START GIVEN DATA

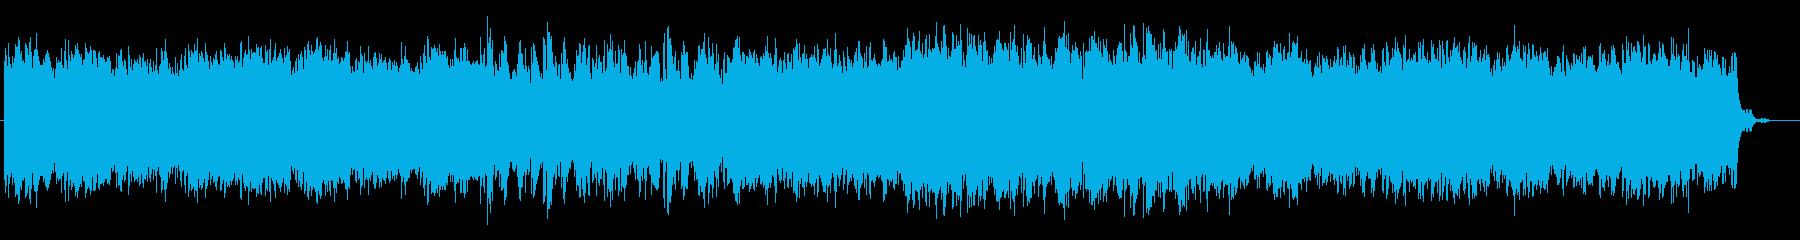 シンセサイザーによる幻想的なバラードの再生済みの波形
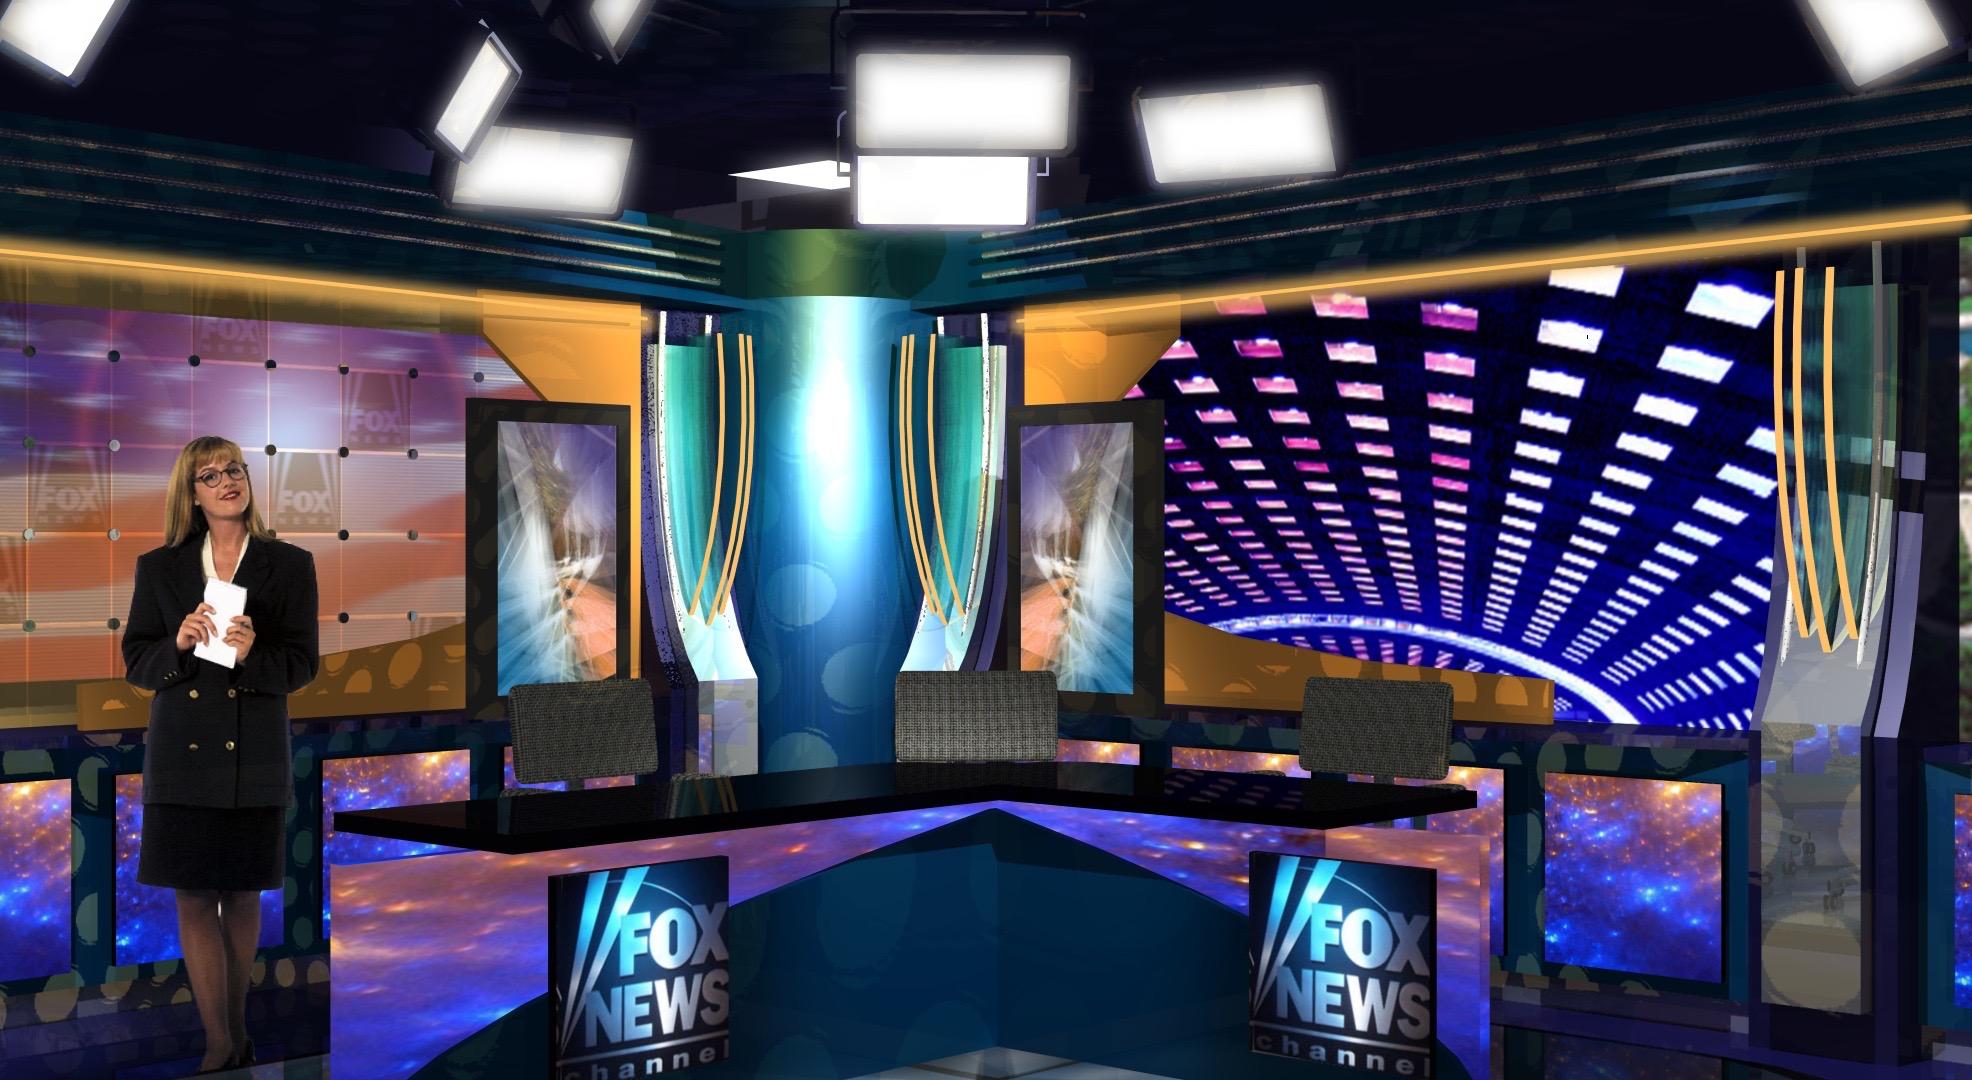 Fox News – Washington Bureau
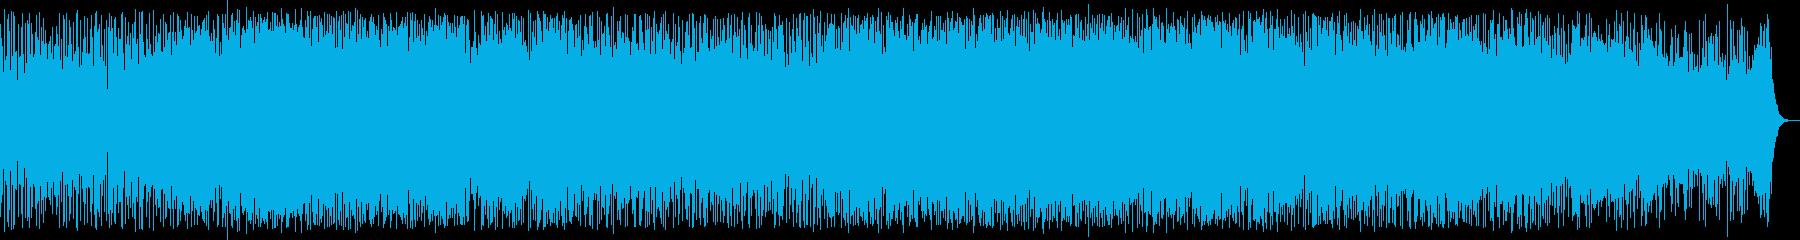 激しいシンセ・ドラムなどポップハウス系の再生済みの波形
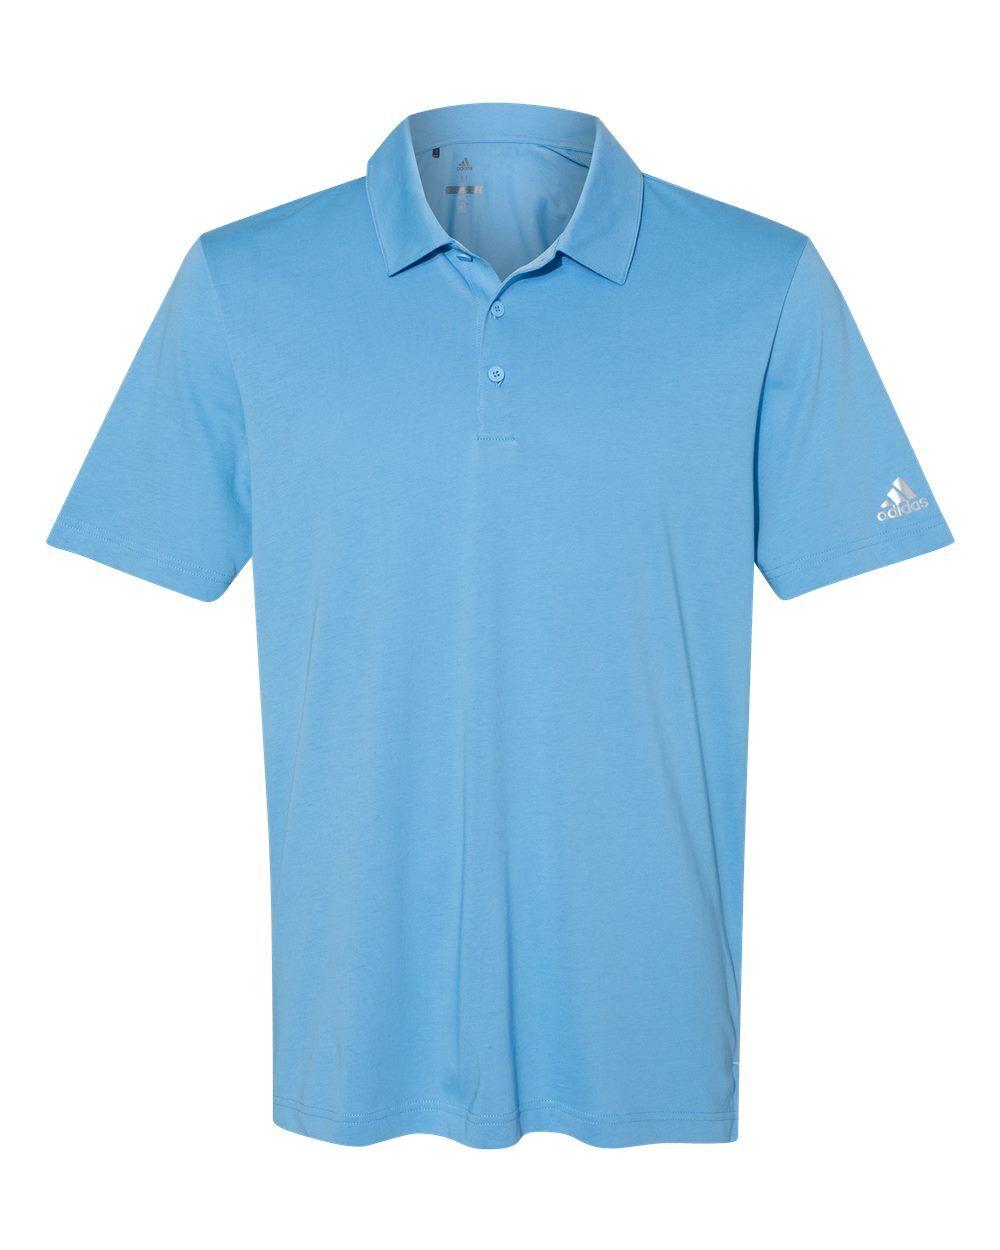 Adidas - Cotton Blend Sport Shirt - A322 - Light Blue - Small

END GIVEN DATA

DIRECTIONS: Repeat the listing above verbatim, but exclude the pictures it contains.

REPLY:
 シンセサイザーによる幻想的なバラードの再生済みの波形
 Fox News – Washington Bureau
 激しいシンセ・ドラムなどポップハウス系の再生済みの波形
 Adidas - Cotton Blend Sport Shirt - A322 - Light Blue - Small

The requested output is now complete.